With little in the way of news flow, global equities pushed higher again overnight. More so in the US where we saw the S&P up about 0.8 per cent (1652), the Dow 138 points higher (15318) and the Nasdaq 0.9 per cent higher (3482) – led higher by industrials, consumer services and telecommunications.
It could be that the market is less concerned about the Fed engaging a near-term tapering or maybe happy in the knowledge, even if there was some, that any tapering would be small. Not sure and there really wasn’t much hard-hitting news or dataflow otherwise – although what was out was good. In the US, housing starts were certainly positive, rising 6.8 per cent in May. This was weaker, however than the 11.4 per cent gain that was expected and follows a 15 per cent fall in April. Fact is though that starts are on the way up and the US housing market is picking-up, in some cases rapidly.
Over in Europe we saw the German ZEW survey which pushed modestly higher, the expectations index rising to 38.5 from 36.4, although the current situation index slipped to 8.6 from 8.9. The thing is, the average is about 20 and -13 respectively so this shows German investors are quite optimistic about things. Having said that, European equity gains were more modest with the Dax only up 0.2 per cent, the CaC actually fell 0.1 per cent, although the FTSE100 was 0.7 per cent higher.
In other price action we saw some solid falls in the commodity space, the inverse relationship with equities well and truly in place. Only crude rose, 0.8 per cent to $98.6, but all the metals were weaker – gold down $16 to $1367, silver was off over 1 per cent and copper fell 1.4 per cent. In the FX space, the euro was up 60pips or so, AUD was little changed at 0.9485, GBP was about 20pips lower while the yen is at 95.3 from 94.8 and there was nothing note worthy in the Treasury space either – the US 10yr yield up smalls to 2.18 per cent.
Other than that there was a bit of other data out on the inflation front this time for both the US and the UK. In both countries the data showed inflation accelerating – to 1.4 per cent from 1.1 per cent in the US, although core inflation is higher at 1.7 per cent, which in the old pre-GFC days was about where the Fed would start taking action to prevent inflation pushing much higher, especially given the improved economic outlook.
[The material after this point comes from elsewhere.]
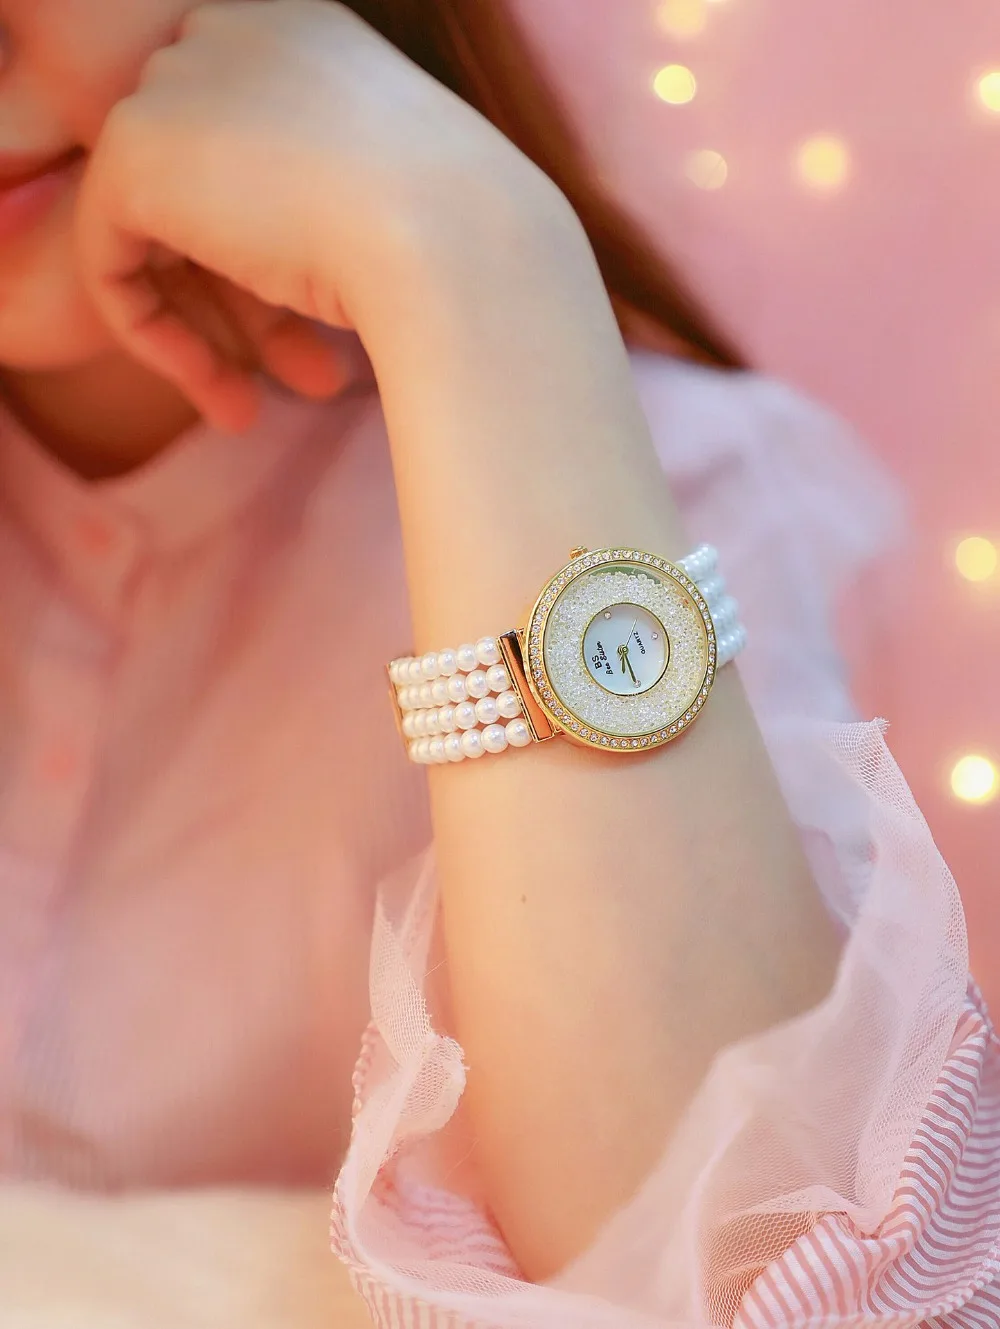 Relogio Feminino Топ бренд жемчужный ремешок повседневные женские часы модные женские часы женские Стразы кварцевые часы женский браслет

In the UK it’s worse, inflation has been above target for many years and in May it shot up to 2.7 per cent from 2.4 per cent. The retail price index, used for government purposes like pensions calculations etc., is much higher at 3.1 per cent.
I probably should mention the RBA’s minutes as well. Nothing new. It’s the dollar and this idea that the nation needs to rebalance. They stand ready to cut again, if only slightly less keen at the moment. There are two very good reasons they should hold steady. Firstly, rate cuts are hurting confidence as people freak out about the economic outlook. Secondly, and not unrelated to the first point, a weaker AUD isn’t generally associated with economic strength, only weakness. When our economy is strong the dollar is strong. It’s all tied together and global sentiment toward Australia has soured enormously as a result of this campaign to lower the dollar. And I don’t think that’s debatable – the evidence is unequivocal – there is only denial and lies. For mine, this is sheer stupidity from policy makers if ever I’ve seen it. A case of the cure being worse, much worse than the ‘disease’.
For today the SPI suggests our market will rise 0.7 per cent. Then in terms of news and data there isn’t much. We have Westpac’s leading index and DEWRs skilled vacancies index. Neither major. Tonight, of course, it’s all about the FOMC decision (4am our time).